When X-Men: Last Stand was released in 2006, Fox expected it to be the final movie in the mutant trilogy. But that didn’t mean they wanted out of the X-Men business. Their plan was to continue the series with solo spin-off movies.

The first and most obvious candidate for the solo treatment was Wolverine. Hugh Jackman had broken out as the star of the series and Wolverine was easily the most popular character in the movies. So you can imagine the panic that must have set in at Fox when X-Men Origins: Wolverine was a box office disappointment!

If Wolverine couldn’t carry a movie, what chance did Storm or Magneto have? They needed a back-up plan for their back-up plan. The answer was obvious. Reboot. Reboots were all the rage in the aughts following the success of Batman Begins, Casino Royale and Star Trek among others. It had been more than a decade since the first X-Men movie. A reboot seemed sensible.

X-Men: First Class introduced a new cast of mostly familiar mutants. James McAvoy, Michael Fassbender and Jennifer Lawrence were the stand-outs. While First Class didn’t set the box office on fire (it grossed even less than Wolverine) it did provide a solid foundation to continue the series.

This is where things get weird. First Class was set in the 1960’s. Some of the characters’ ages didn’t line up very well with the depiction of the same characters in the 2000 X-Men. That’s not a problem for a reboot, but Hugh Jackman had a cameo in the movie implying that all the X-films were set in the same continuity.

Fox doubled down on Jackman by continuing to make solo Wolverine movies side-by-side with the rebooted team movies. The Wolverine was an improvement over X-Men: Origins, but it became the lowest-grossing X-Men movie prior to Dark Phoenix.

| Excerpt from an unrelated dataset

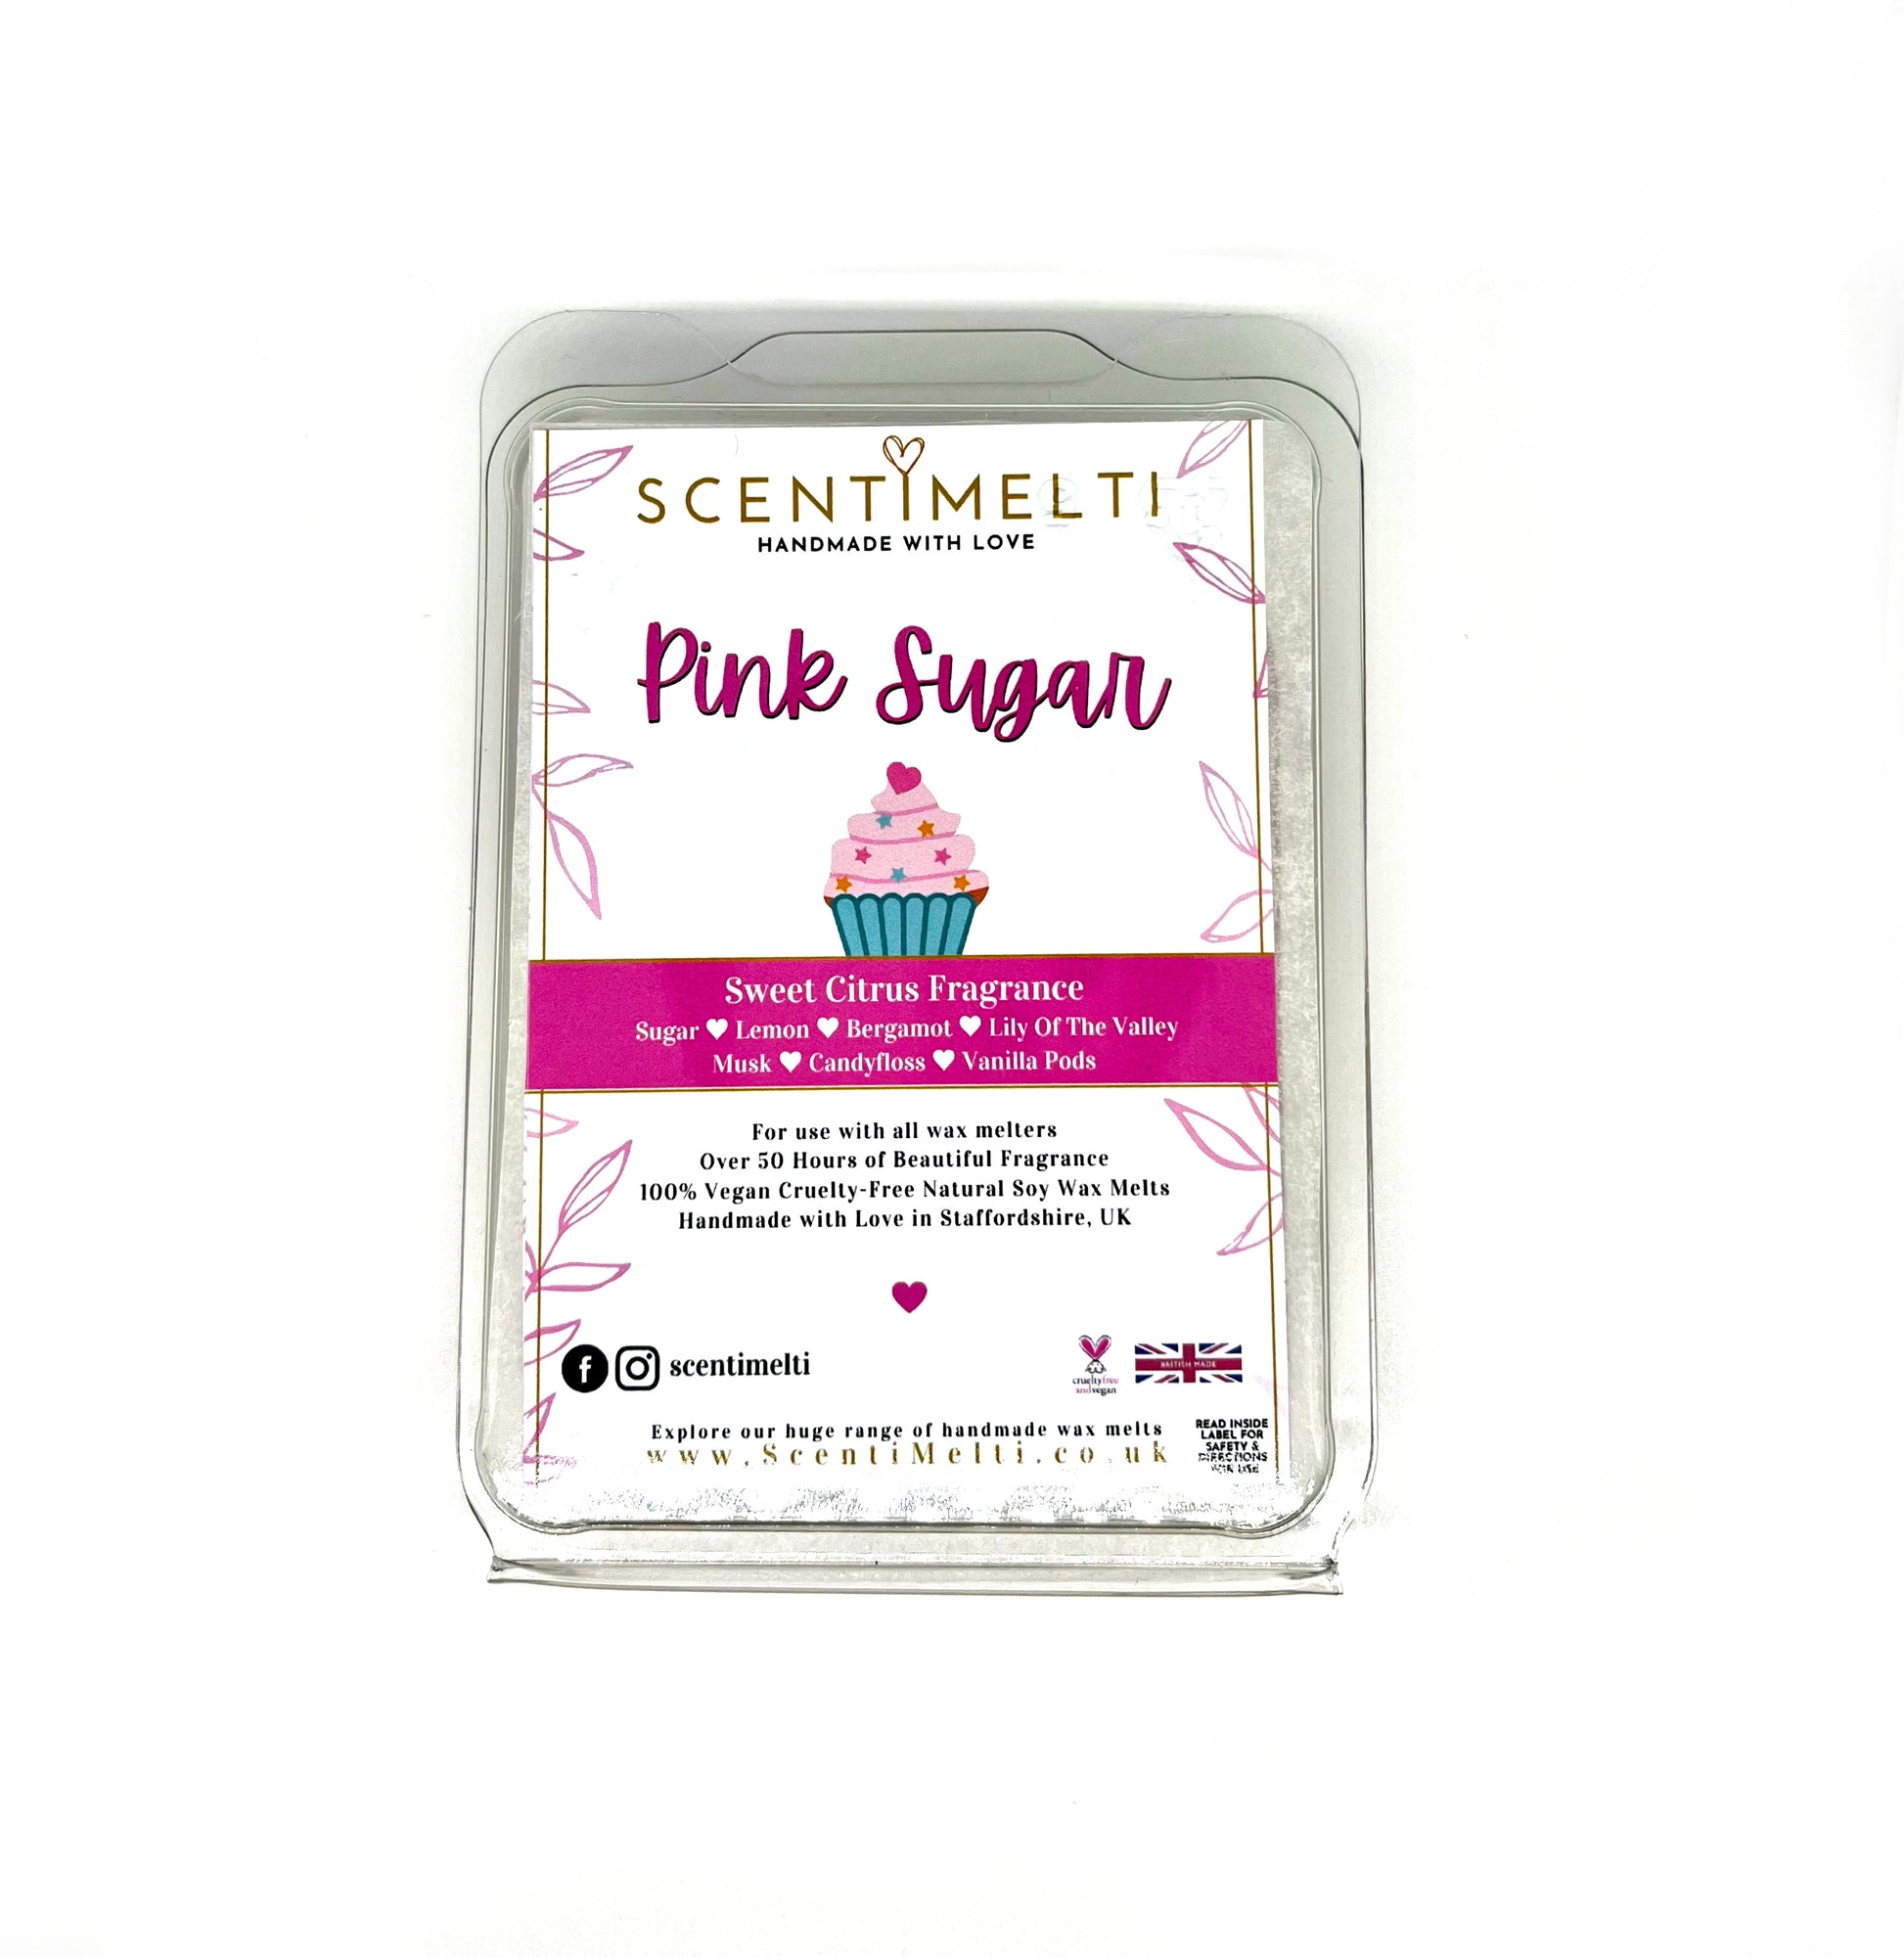 Pink Sugar Heart Clamshell Wax Melts - ScentiMelti  Pink Sugar Heart Clamshell Wax Melts
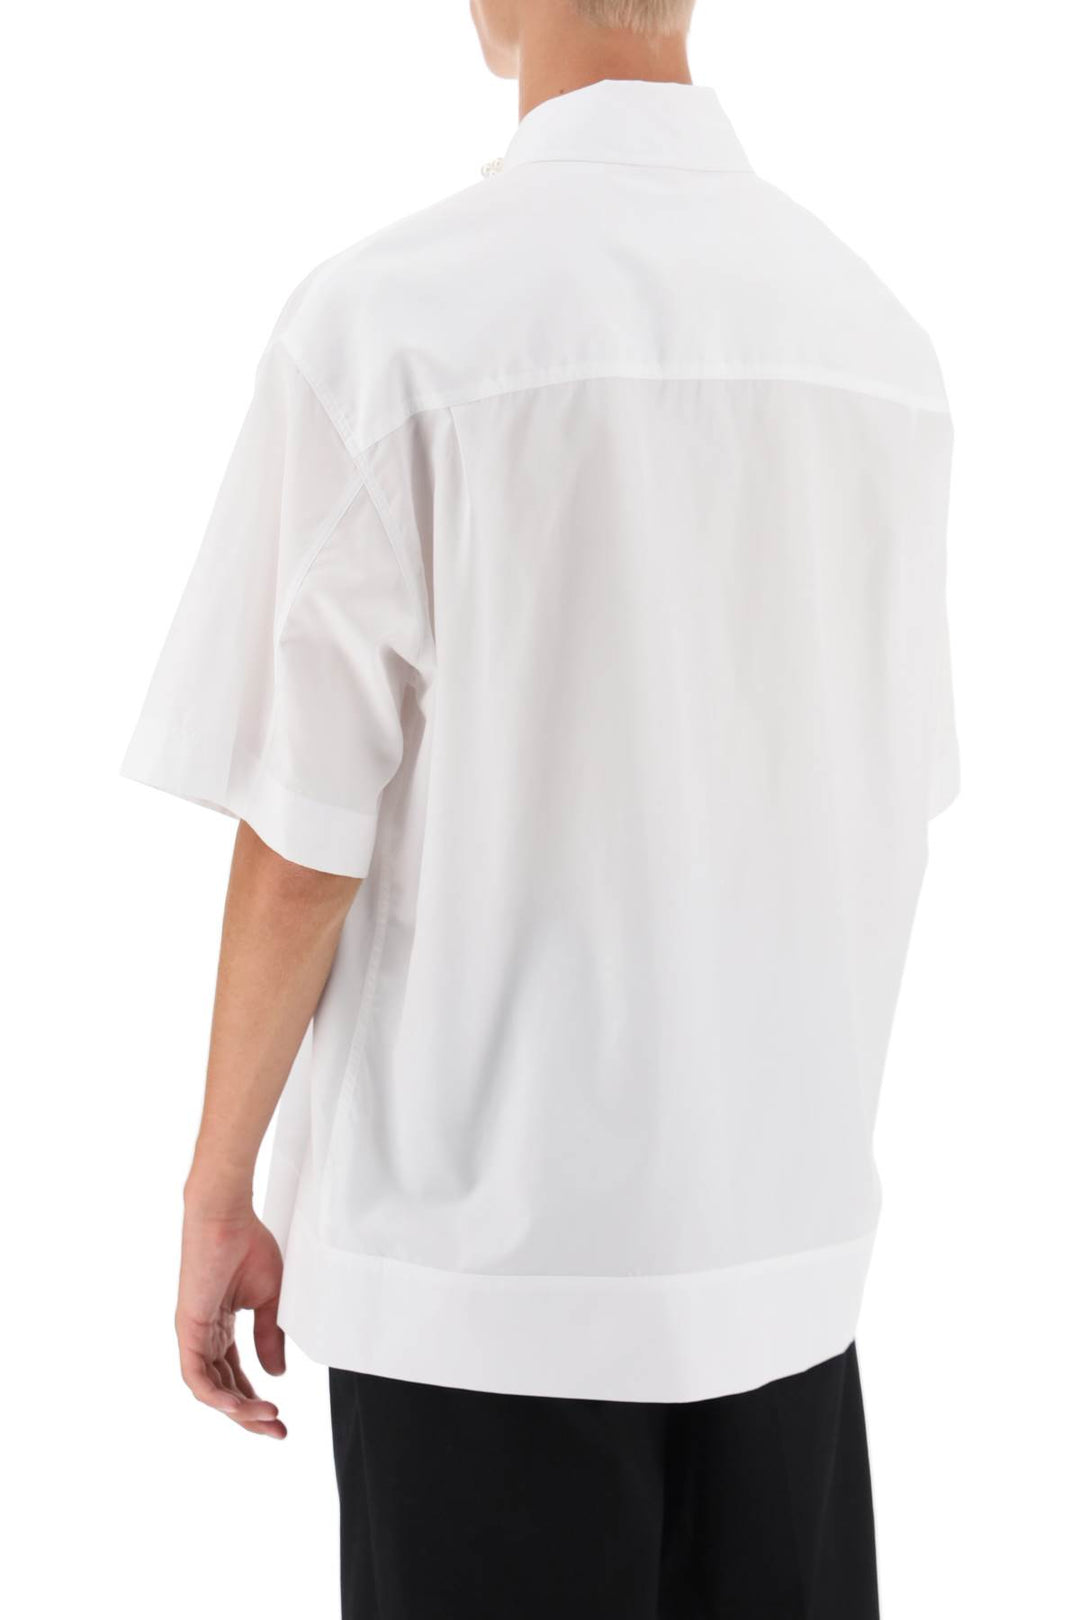 Simone Rocha Oversize Shirt With Pearls   Bianco

The following year, Days of Future Past combine both casts with Wolverine smack dab in the middle of the movie. Audiences turned out to see the mash-up which became one of the highest-grossing movies in the series. Returning director Bryan Singer made a point of erasing Brett Ratner’s Last Stand from the shared continuity.

Which is how we get to Dark Phoenix. Fox felt like Days of Future Past had re-energized the series so they eagerly green-lit Singer’s follow-up movie, Apocalypse. But franchise fatigue had officially set in and Apocalypse became one of the lowest-performing X-Men movies.

Fox was facing a situation similar to what Sony went through with Spider-Man. They were desperate to build a superhero franchise to rival Marvel but they had no idea of how to do it. There saving grace proved to be one-off R-rated movies like Deadpool and Logan. Movies that probably wouldn’t have been made if Fox wasn’t floundering with the main series.

With Disney and Comcast in a bidding war over the rights, it became pretty obvious that Fox wasn’t going to be steering the franchise much longer. Simon Kinberg, who had written last stand and produced all of the movies with the reboot cast, wanted one more crack at the classic Dark Phoenix Saga.

There were tons of problems with this concept not least of which was that the movies hadn’t built up to the Phoenix storyline at all. But that’s a topic for another day.